Figura 1 - Os papéis de alunos e professores nos

dois modelos de ensino

Fonte: Graham (2010, p. 39)

Independente de serem histórias reais ou fictícias,

devem apresentar um cenário cotidiano, facilmente identificado

com a vida real. Os estudos de caso não darão conta de tudo,

de todos os fatos. As situações que formam o caso têm

características de um campo incompleto de conhecimento, que

deverão desafiar os alunos "a acrescentar a própria

interpretação" (p. 25). No ensino formal, os estudos de caso

podem ser usados para criar situações reais ou fictícias, a fim

de que os alunos apliquem suas teorias, apresentem análises e

solução do problema apresentado. Portanto, a problematização

é um dos princípios inerentes aos estudos de caso. Os três

casos utilizados em nossa experiência são fictícios, mas foram

construídos com esse propósito estimulador de discussão e

tomadas de decisão.

III. Plantas medicinais: um tema botânico com

potencialidades para a EJA

O ensino de botânica é, muitas vezes, implementado

sem referências à vida do aluno. Na escola em que realizamos

nossa experiência, o campo é o lugar de trabalho da maioria

dos alunos da EJA. Diariamente, eles e suas famílias lidam com

plantas medicinais.
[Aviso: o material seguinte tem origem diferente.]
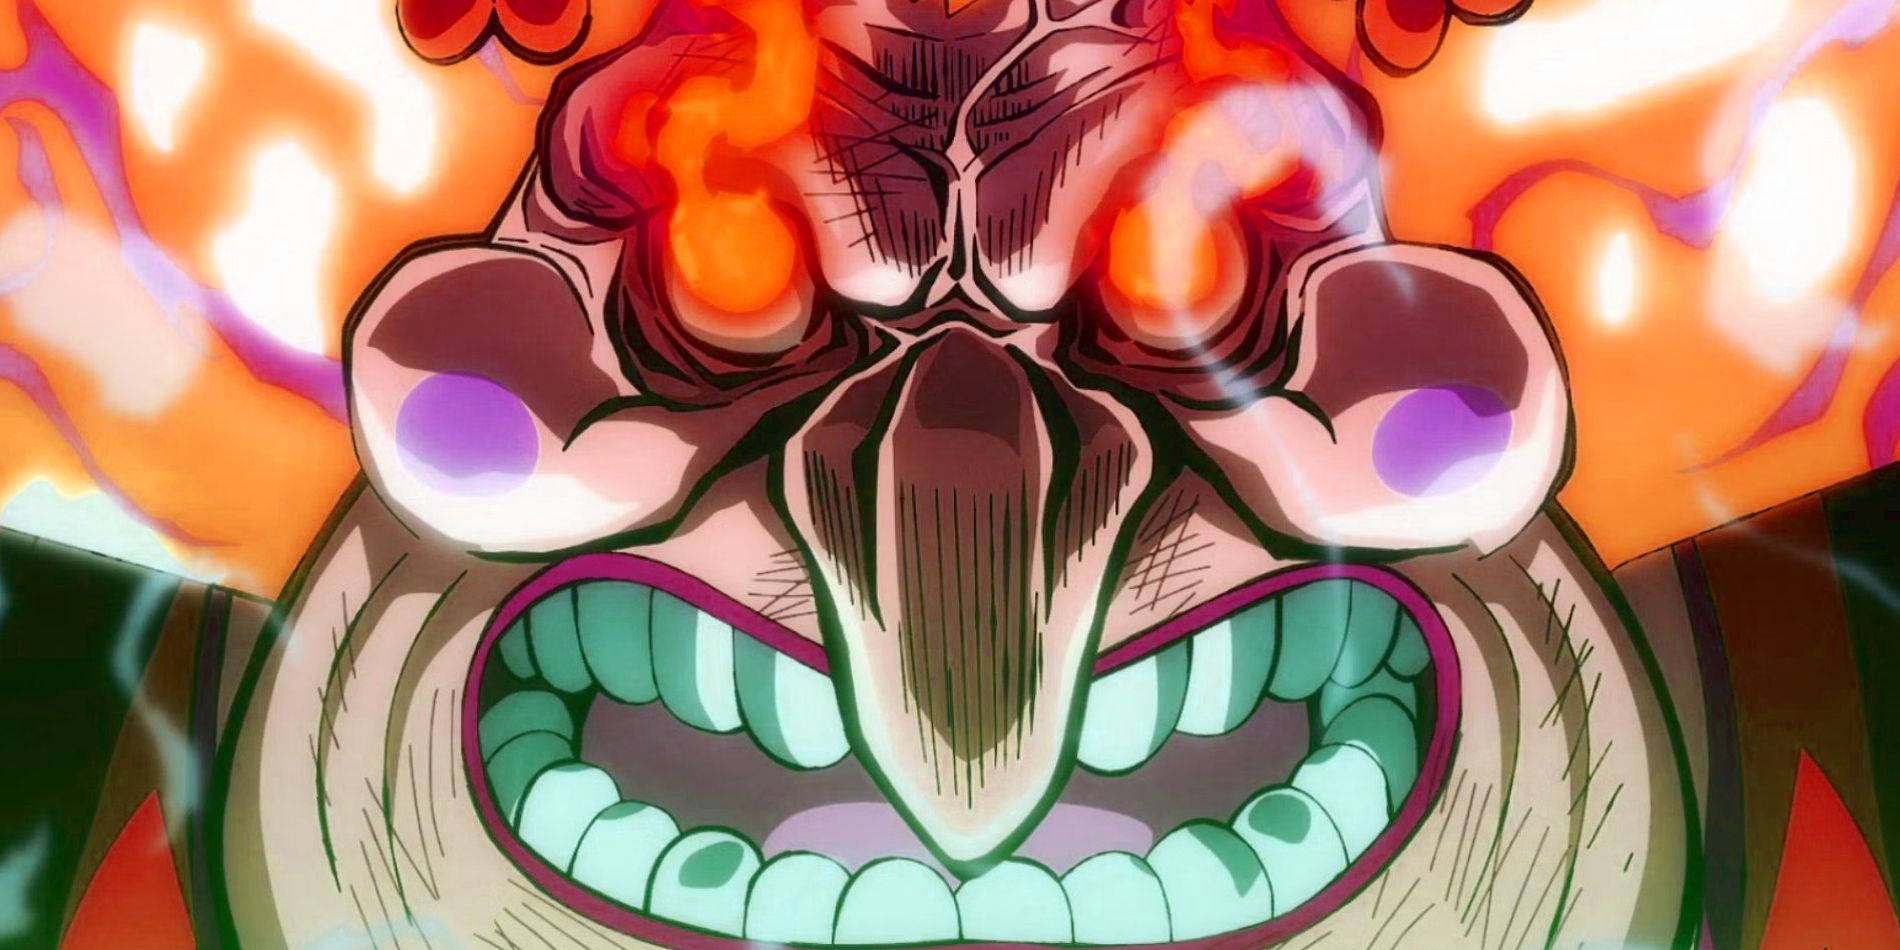 Screenshot from One Piece anime shows Big Mom powered up with firey red eyes and orange flames from hair. The close up of her face is lit by a green aura from the bottom.

Portanto, nesse caso, o ensino sobre plantas

medicinais apresenta elementos com fortes relações com o que

foi manifestado acima sobre a EJA (e.g., agrega tomada decisão

e discussões sobre senso comum e conhecimento científico) e

os estudos de caso (e.g., item curioso e contextualizado). Além

das plantas medicinais, outros temas botânicos poderiam ser

utilizados na EJA, contemplando-se ao mesmo tempo as

características rurais dos alunos e o distanciamento do foco

meramente cientificista, como aponta Arroyo logo acima?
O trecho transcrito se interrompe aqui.